Triboelectrification induced self-powered microbial disinfection using nanowire-enhanced localized electric field

The study addresses the urgent need for efficient inactivation of air-transmitted pathogens, which contribute to diseases such as pneumonia, asthma, and influenza. Conventional HEPA filtration imposes high pressure drops and does not inactivate captured microbes, posing risks during filter replacement. Alternatives like UV radiation and photocatalysis suffer from low throughput and high energy demands. Electroporation, which relies on strong localized electric fields to disrupt microbial membranes/capsids, has shown promise in liquids using nanowire-modified electrodes but is limited by transport to the nanowire tip and dependence on external power supplies. Fast airflow in building ventilation (~m/s) further challenges air-phase electroporation. The research proposes a self-powered, rapid air disinfection system that overcomes transport limitations by charging and trapping microbes and powers electroporation using vibration-driven triboelectric nanogenerators (V-TENGs).
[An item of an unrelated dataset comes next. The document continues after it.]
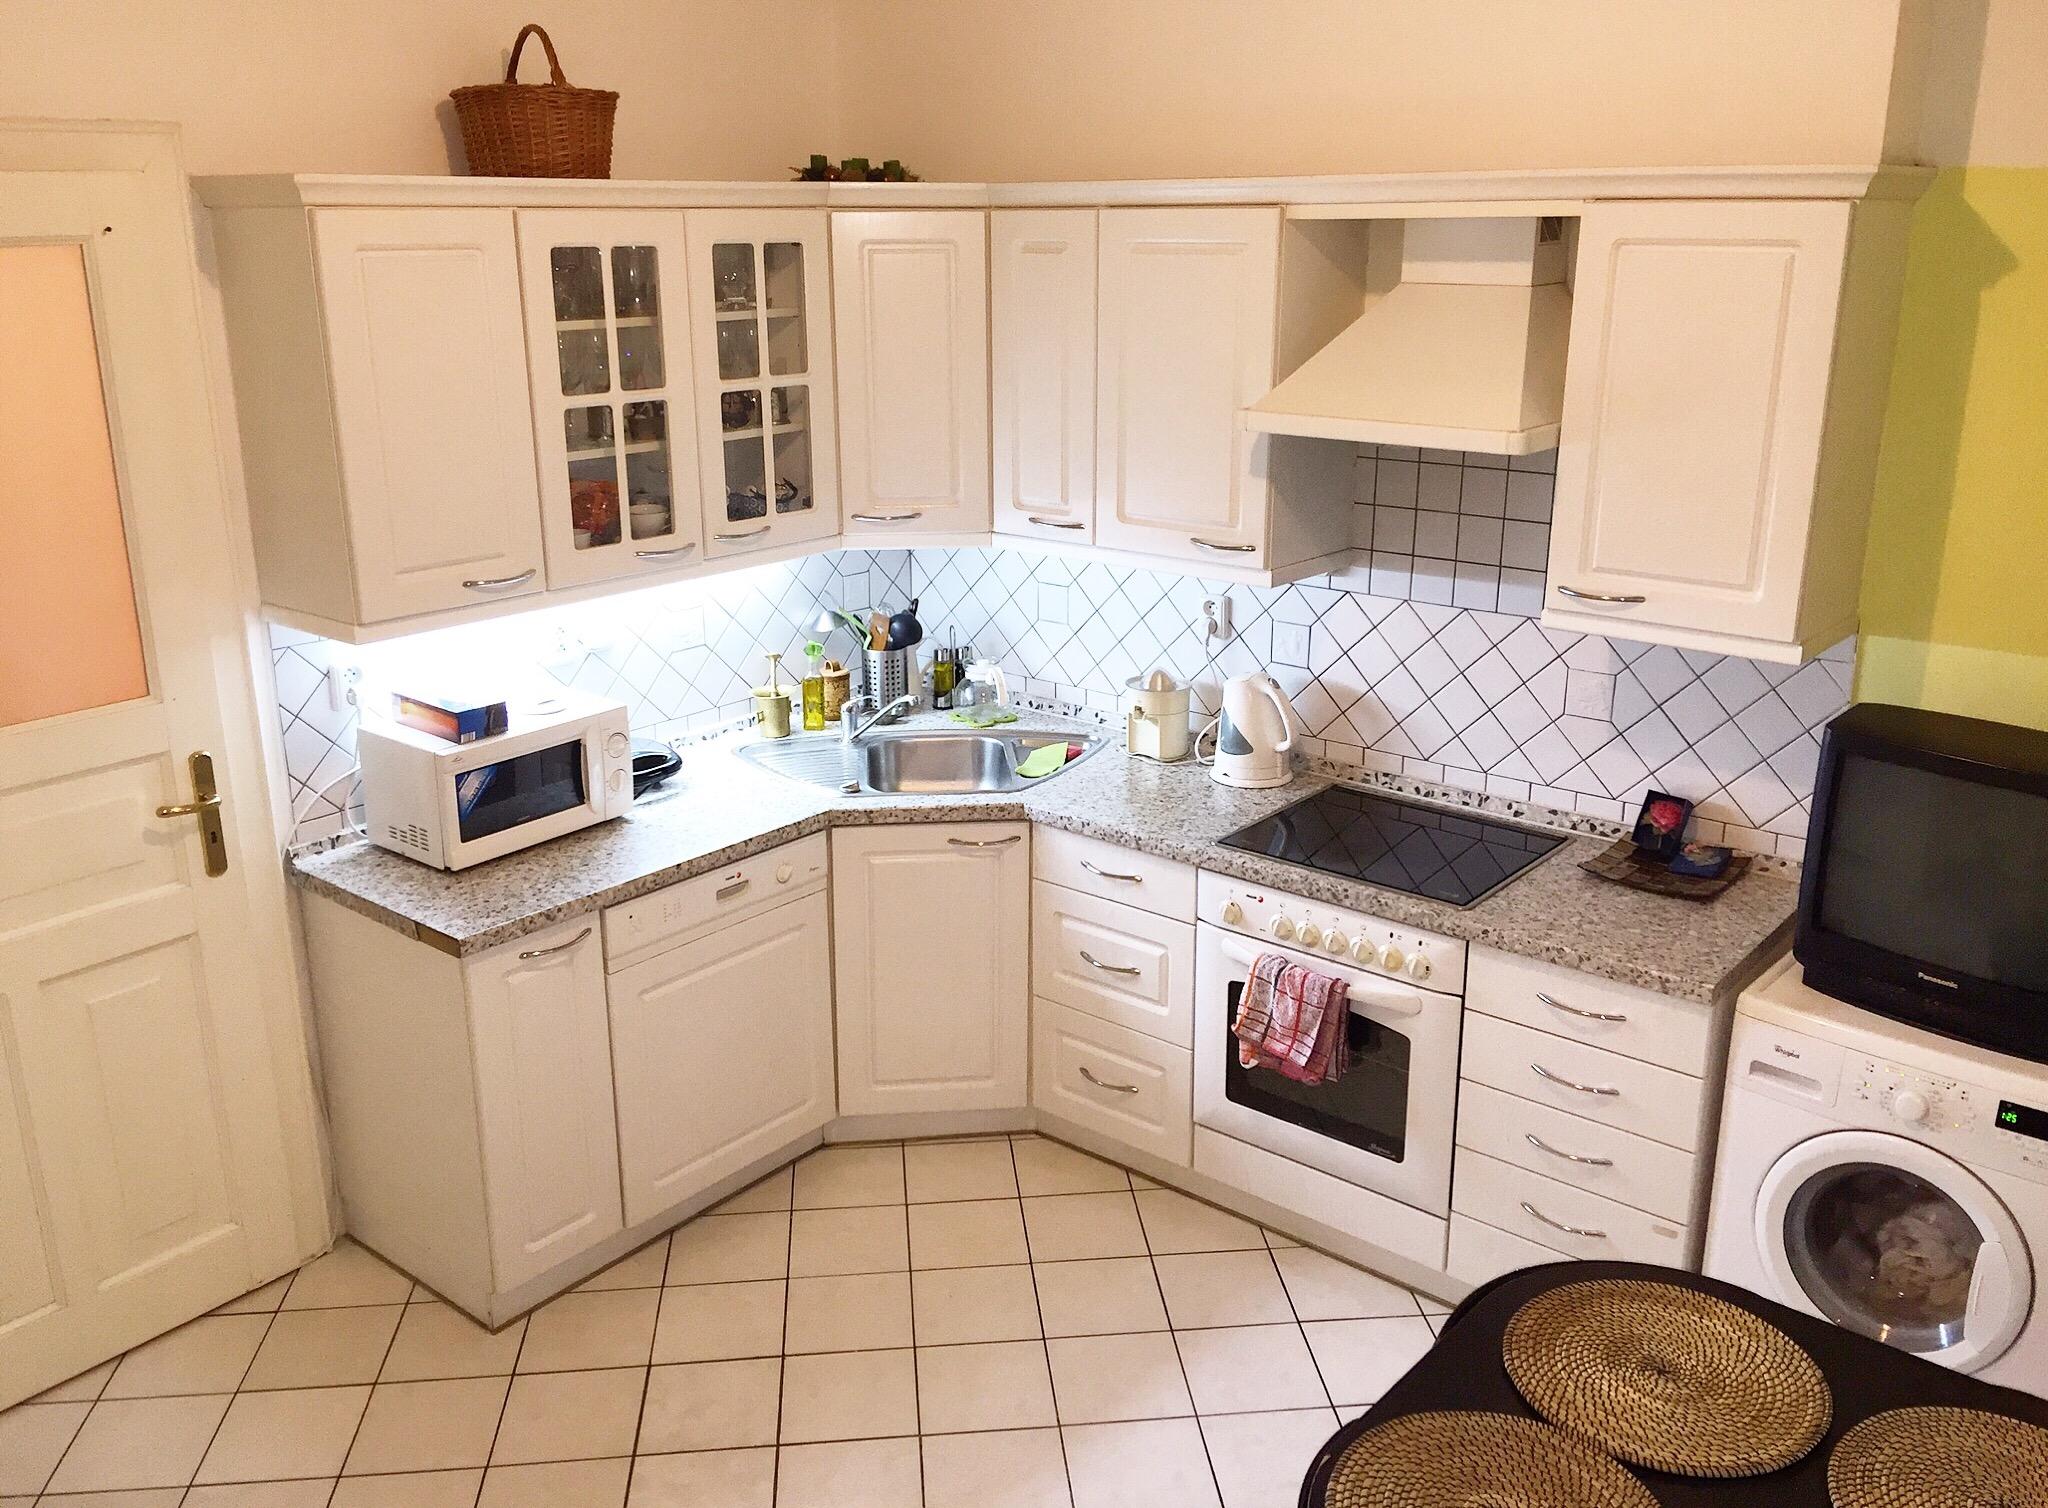 Prodej, PĚKNÝ Zrekonstruovaný Byt 3 kk, nebo možnost samostatně byty 1 kk + 2 kk, 2 koupelny, 2 kuchyně, Lužická, Praha Vinohrady
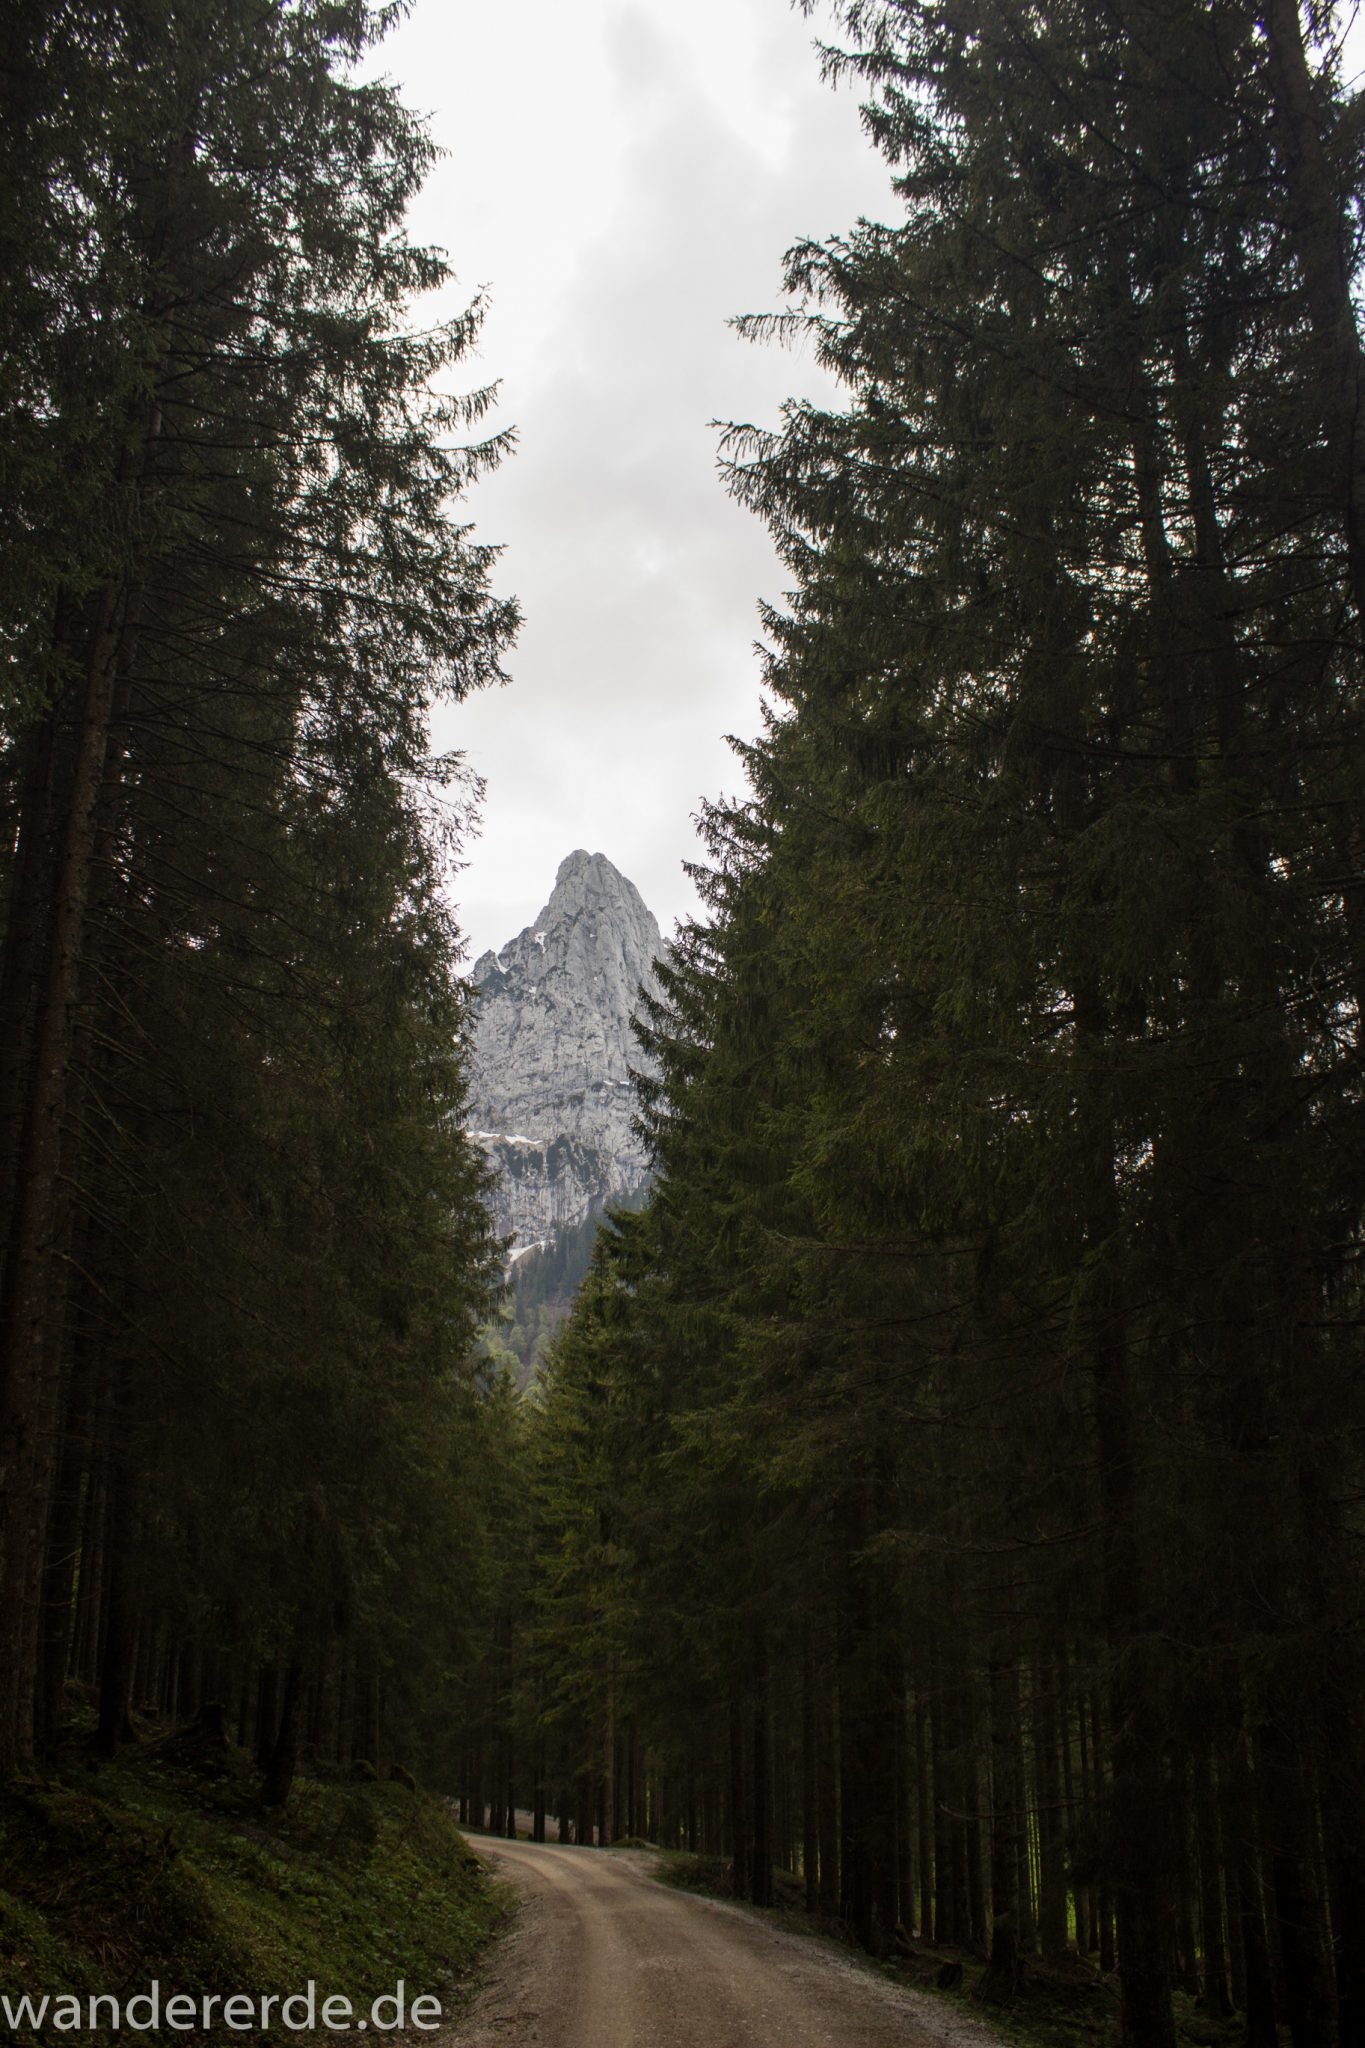 Wanderung zur Kenzenhütte in den Ammergauer Alpen, breiterer Kieselweg führt Richtung Berge, Berge in Wolken gehüllt, Frühjahr in den bayerischen Alpen, dichter grüner Wald verschafft tolle Atmosphäre

The paper contextualizes limitations of existing air disinfection methods: HEPA filters separate but do not inactivate pathogens and create high pressure drops; UV- and photocatalysis-based systems often require long treatment times, have low throughput, or high energy consumption. Prior nanowire-assisted electroporation has demonstrated bacterial disinfection in water using Ag/CuO/ZnO/ZnO nanowires at low voltages through field enhancement at wire tips. TENG-powered disinfection has also been shown in water (wave-driven ball-in-ball TENG, hand-powered systems), but not in air and not for viruses. A performance comparison with literature shows previously reported air disinfection approaches either need long contact times (>10–30 min) at moderate airflow or achieve shorter treatment times (≥10 s) at much lower airflow rates (0.05–0.7 m/s), whereas the proposed system achieves complete inactivation in 0.025 s at 2 m/s.

System design: A resonance-vibration-driven (RV) air disinfection system integrates (i) a contact-separation-type vibration-driven TENG (V-TENG), (ii) a rectifying power management circuit, and (iii) a three-electrode disinfection filter (macro-mesh negative electrode; integrated positive Cu3P nanowire-modified copper plate and ground electrodes).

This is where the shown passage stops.